Directions: The material below has pictures in it. Set down only the lines from the line containing "Amigurumi Monster Pattern" through the line containing "Google 2007 Shopping", word for word, and leave the pictures behind.

Supplied records:
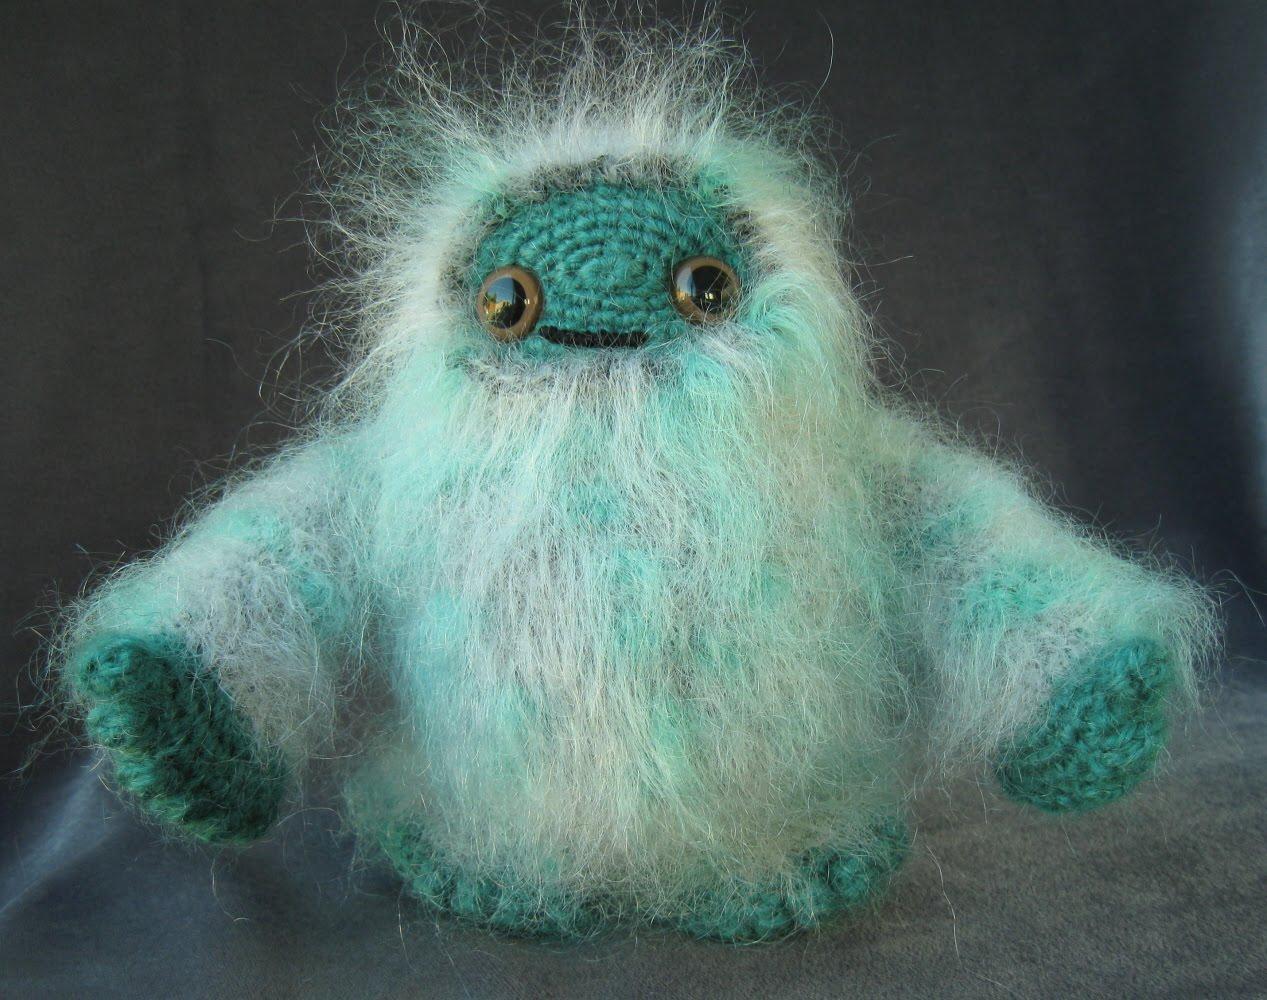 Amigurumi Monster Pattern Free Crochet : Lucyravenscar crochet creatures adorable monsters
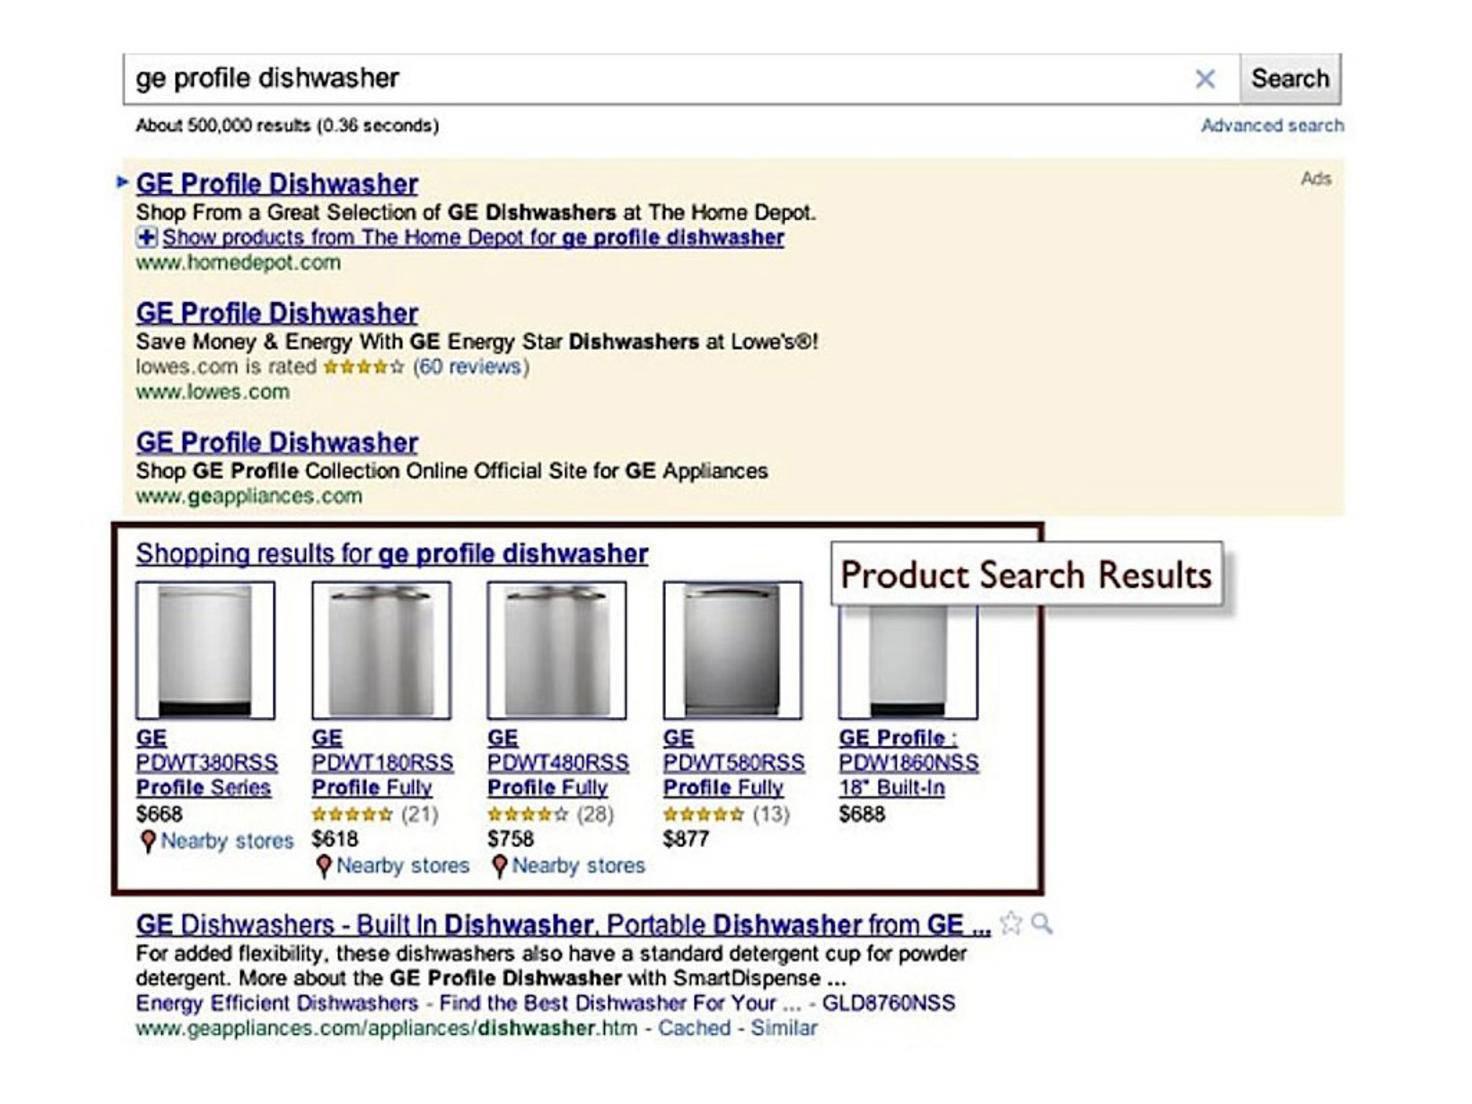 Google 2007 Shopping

* * *

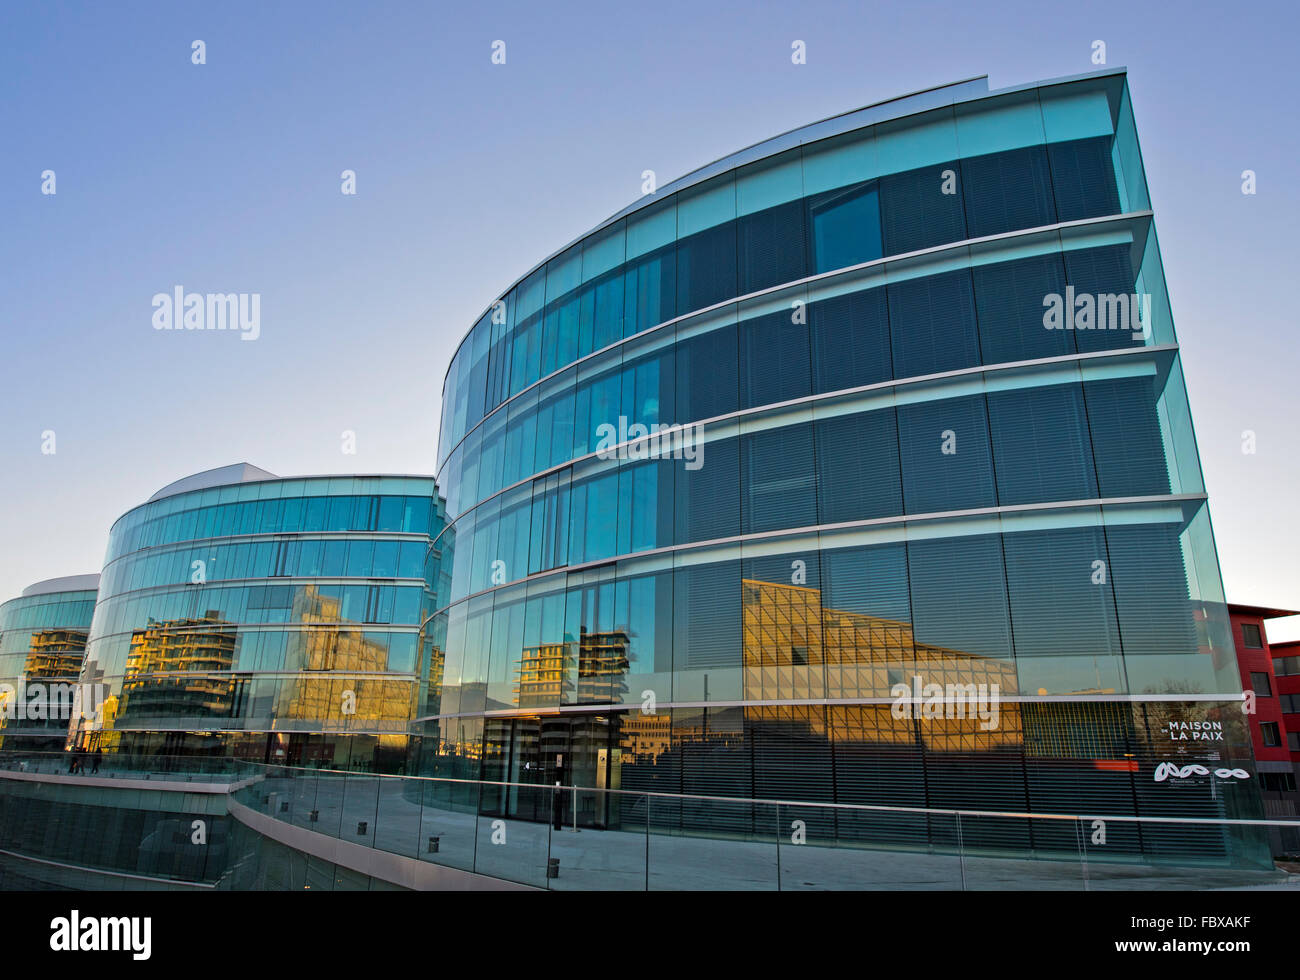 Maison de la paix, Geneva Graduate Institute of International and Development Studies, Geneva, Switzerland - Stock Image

Exercise result:
 Amigurumi Monster Pattern Free Crochet : Lucyravenscar crochet creatures adorable monsters
 Google 2007 Shopping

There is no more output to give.